Thursday, April 05, 2007

Good Mo'ed



I am at Camp Isabella Freedman serving as Passover Rabbi for my seventh year. Over the last five years the new CEO has been tilting the Camp toward New Age. So now there are two yurts, one greenhouse, two farms and lots of twenty and thirty something free spirits. Also there's one mashgiach, about 150 traditional senior citizens, and me. The one constant here are the infinite acres of forests, leaves, branches, earth.






A few months ago Freedman merged with a Jewish Renewal camp called Eilat Chayim. EC moved onto the camp grounds and brought new administrators, new staff, and had new residential homes built, as well as a bookstore. The room that I've stayed in, in the building that they're always saying needs to be torn to the ground, has been inhabited full time by a young man named Ben who's here full time. Ben was kind enough to relocate and give me my old room for the holiday (even though he told me he was given no choice in the matter) (but I had no knowledge of that before I was brought up and shown to the old room with two walls of windows). In the photo above you see Ben loading some tables for the alternative seder that the twenty or so interns and workers attended while I ran the traditional seder for the dining room flled with 150 sweet and hungry seniors and their families.





I haven't yet taken the time to walk around the lake or around the neighborhood. Still, it's impossible to be here and not take in the beauty. (I love the word still, the way it means nevertheless and also means not moving, so that when I use it to mean the former there's the impicit poetry of the latter).
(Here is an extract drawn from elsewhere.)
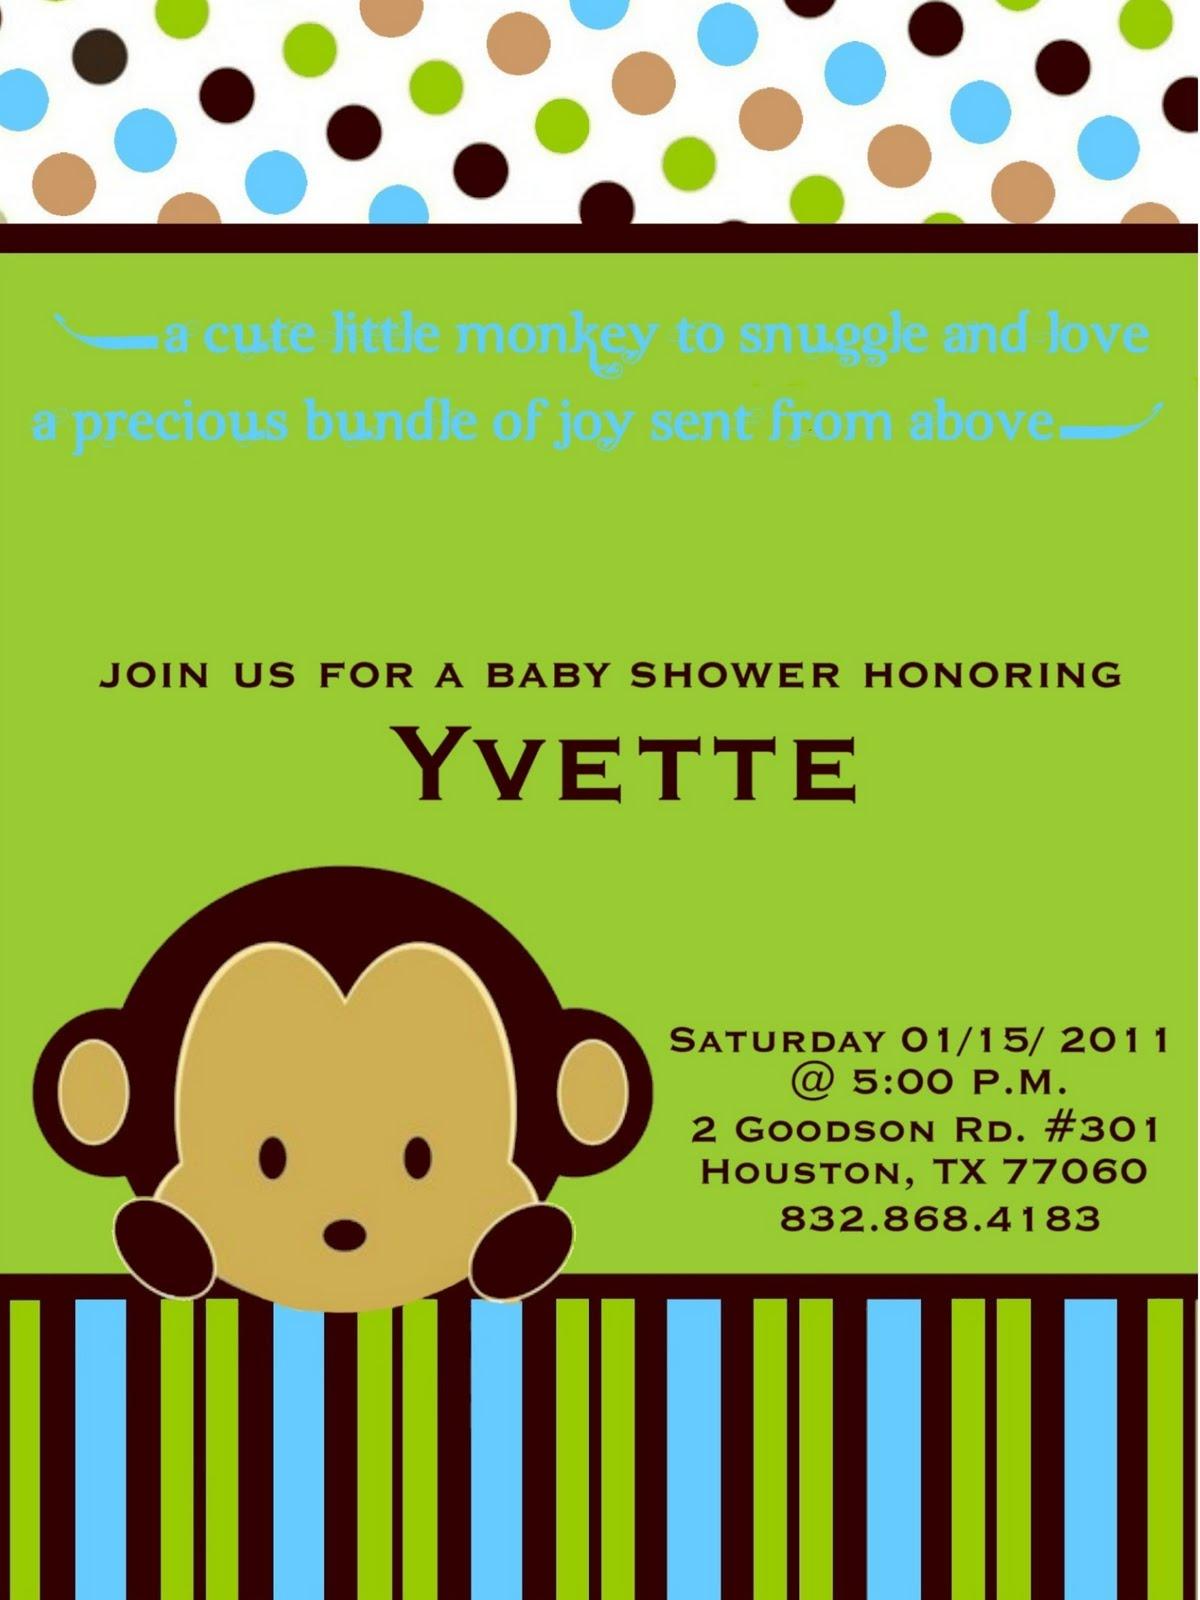 bellygusher: Yvette's baby shower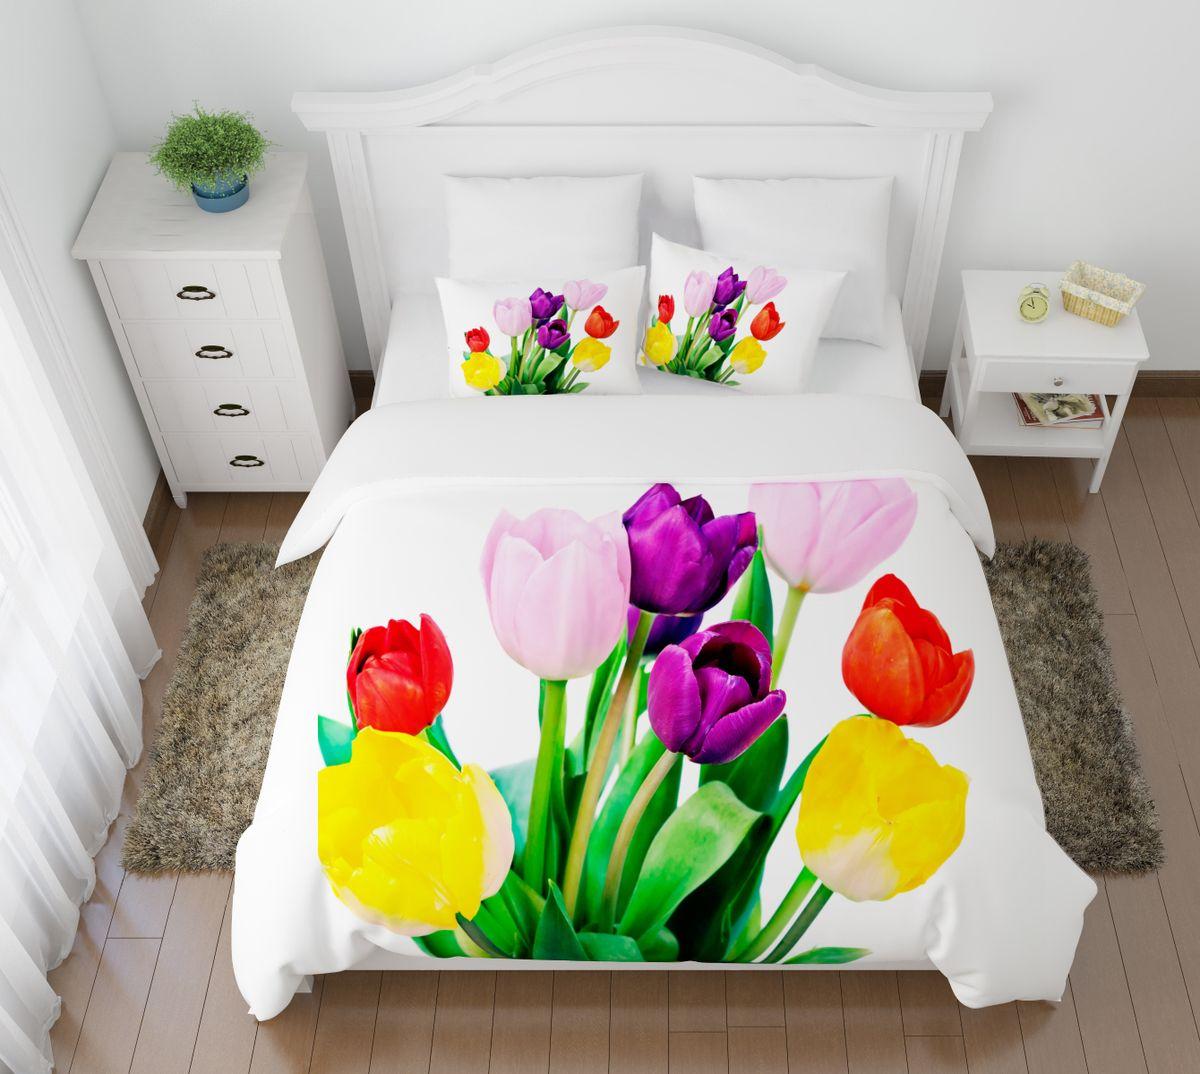 Комплект белья Сирень Весенние цветы, евро, наволочки 50x70, 70х70FA-5125 WhiteКомплект постельного белья Сирень выполнен из прочной и мягкой ткани. Четкий и стильный рисунок в сочетании с насыщенными красками делают комплект постельного белья неповторимой изюминкой любого интерьера.Постельное белье идеально подойдет для подарка. Идеальное соотношение смешенной ткани и гипоаллергенных красок - это гарантия здорового, спокойного сна. Ткань хорошо впитывает влагу, надолго сохраняет яркость красок.В комплект входят: простынь, пододеяльник, четыре наволочки. Постельное белье легко стирать при 30-40°С, гладить при 150°С, не отбеливать. Рекомендуется перед первым использованием постирать.УВАЖАЕМЫЕ КЛИЕНТЫ! Обращаем ваше внимание, что цвет простыни, пододеяльника, наволочки в комплектации может немного отличаться от представленного на фото.

It's been rainy since I arrived on Sunday night. Today it snowed pretty hard for about an hour. It was during that time that a young man approached me with regards from my father (HSLABW) who he said he saw on Yom Tov. We stood in the heavy snow as this rugged fellow who does the landscaping camp told me that his grandmother is my colleague and friend Renee and that he had been in the Nevele with his family and my family (and about 1500 of his nearest and dearest). Ecosystems from different spheres overlap and interlock
in my universe on a regular basis.




A nice frum man taking a walk behind Brown House

a few moments before Y"T started.

oo

Besides taking in the scenery I've led the two sedarim, run all the minyanim, gieven hour and a half long classes on Passover in A New (Old) Light, Moses: Who Was He And Why Do I Care, The Wisdom of The Rabbis (Avot), and run a trivia competition. In an hour I'll be leading a workshop in acting and impov. There have been many comments and questions about ths class, but wonder who'll attend.
=
I hope to do the counting game (in which everyone in the group has to count to 10 but when two people say a number at the same time the number must be repeated), maybe proverbs (in which everyone adds a word to come up with a proverb), maybe one word stories (everyone adds a word to the story), maybe Why Were You Late? (two people explain to their boss why they were late, but the two act as one and finish eachother's sentences when pointed to by the third person), maybe the object game (you have to keep assigning a new role to an ordinary object like a hat that sits in the middle of the circle), maybe the ABC game (a scene in which each character alternates saying a line starting with the next letter of the alphabet), maybe Ding (a scene in which you have to go back and change what you said every time the bell is hit), maybe freeze (scenes that are interupted and restarted - everytime someone yelles freeze they replace someone in the scene, assume their position and start a new scene), and basic scenes (give a setting and emotion and have people create a dialogue, movements, etc.), maybe a bit about the rosas and emotions (I think that's what they're called - assumeing a position and sttitude for the key human emotions as the basis for acting before there are words), maybe conducted story (each person pointed to by the conductor continues the story). Maybe a nap.
*
Mo'adim LeSimcha/Good Mo'ed.

2 Comments:

Blogger Steg (dos iz nit der šteg) said...

sounds exciting, have a great rest of pesahh!

April 6, 2007 at 12:29 PM  
Blogger rabbi neil fleischmann said...

Thanks Steg. It went really well. Hope yours was nice, although I imagine bittersweet at best.